Naylor Observatory is an astronomical observatory owned and operated by Astronomical Society of Harrisburg. It is located near Lewisberry, Pennsylvania, United States.

== History ==
The Astronomical Society of Harrisburg (ASH) was formed in 1955. It is one of the oldest astronomical societies in the country. One of its original goals was to construct a local observatory. The members first constructed a 12.5" Dall-Kirkham Cassegrain telescope to place in the new observatory. They then attempted to purchase a plot of land for $1000. This plot of land was discovered to be adjacent to a to-be-built night club and the money was refunded.

The society learned a valuable lesson and planned the observatory out more accurately. The present property, two miles northwest of Lewisberry, was acquired in 1966. Since the society had not had an established history, even with 60 members acquiring funding for the construction became an issue. Nonetheless, the French Dome, the observatory's first building, was completed in 1967. The society spent the next 5 years, ending in 1971, raising money to fund the observatory's initial construction. By 1987, the Asper operations/administration building, telescope viewing pads, and several telescope storage buildings were constructed.

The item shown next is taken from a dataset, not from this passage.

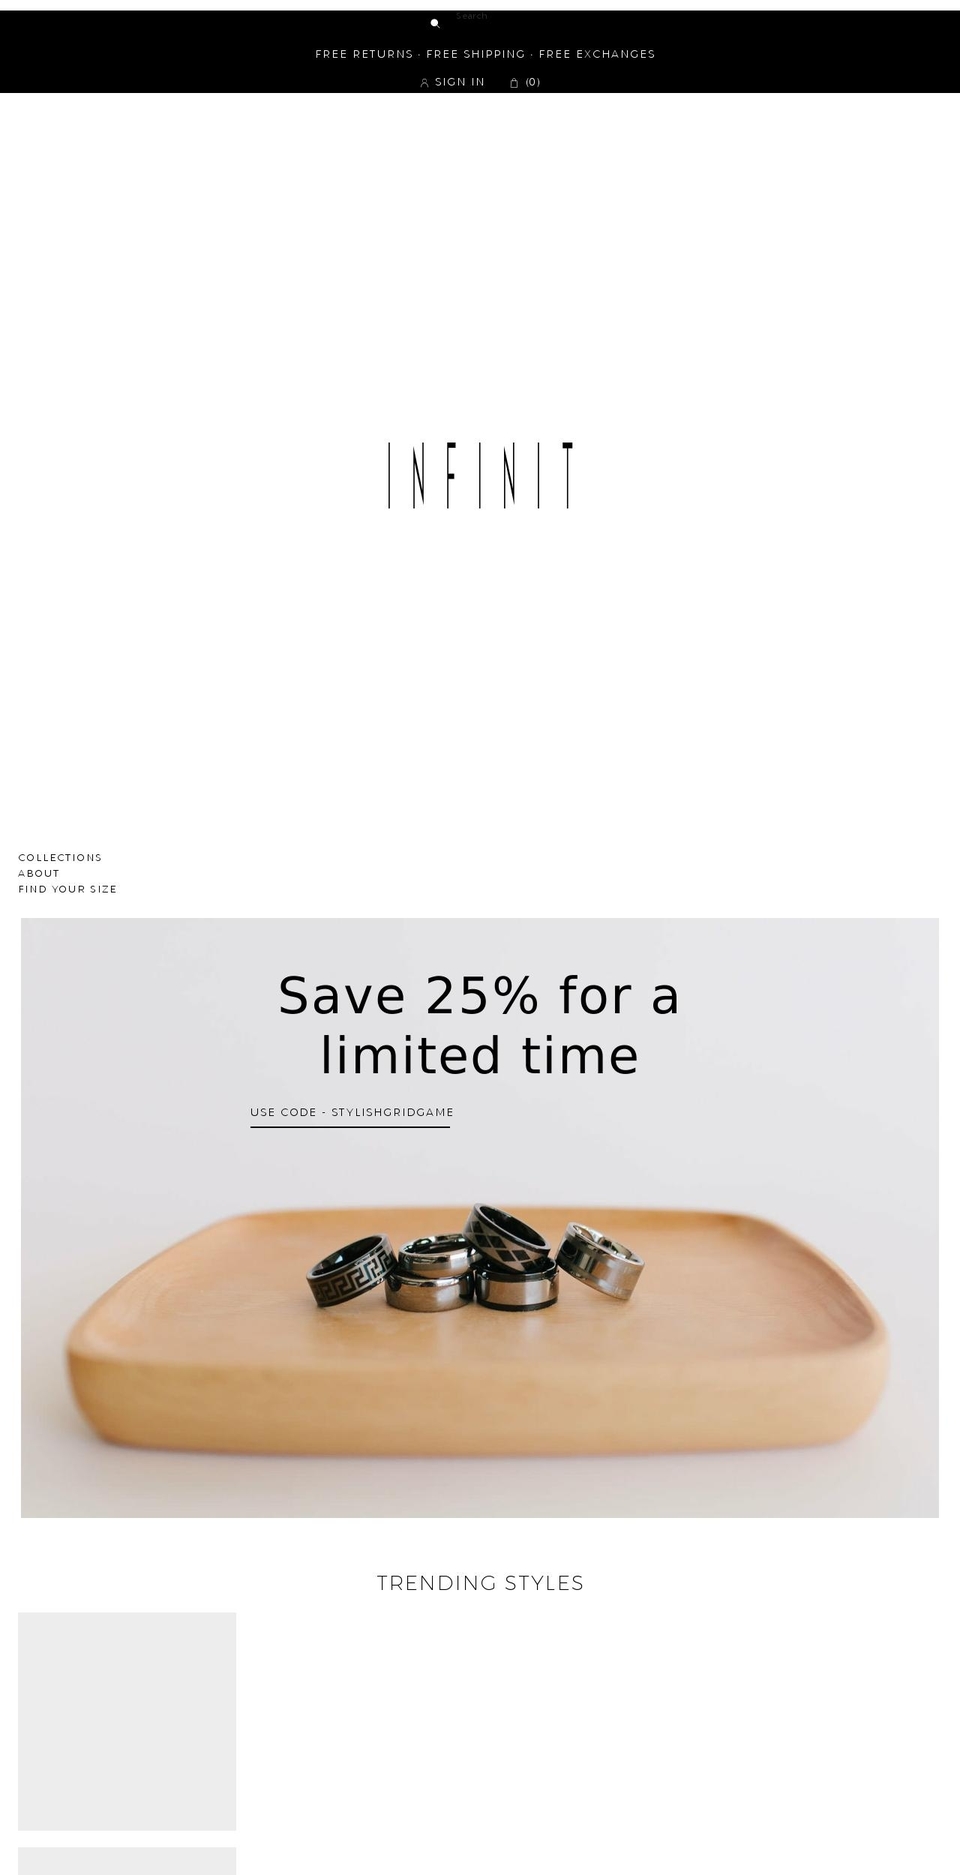 infinit Shopify theme site example infinitrings.com

The club continued expanding and in 1979 a 12.5" f/6 Cave Astrola Newtonian reflecting telescope was installed in the Culver roll-off observatory. In the 1990s, a 17" f/15 classical Cassegrain reflector replaced the second telescope, a 16" Newtonian, that had been housed in the French Dome observatory. A second roll-off observatory was constructed in 2005. The King roll-off observatory features two 14" f/10 Meade Schmidt-Cassegrain catadioptric telescopes. A third roll-off observatory, which houses a 10" f/7 Ritchey–Chrétien Cassegrain and an 80mm f/6 refractor intended for CCD imaging, was constructed in late 2013. ASH also owns a number of smaller telescopes, including a 40mm Coronado PST hydrogen-alpha solar telescope, 6, 8, and 10" Dobsonian reflectors, a 10" f/7 Cave Astrola Newtonian, and a 10" f/10 Meade Schmidt-Cassegrain catadioptric.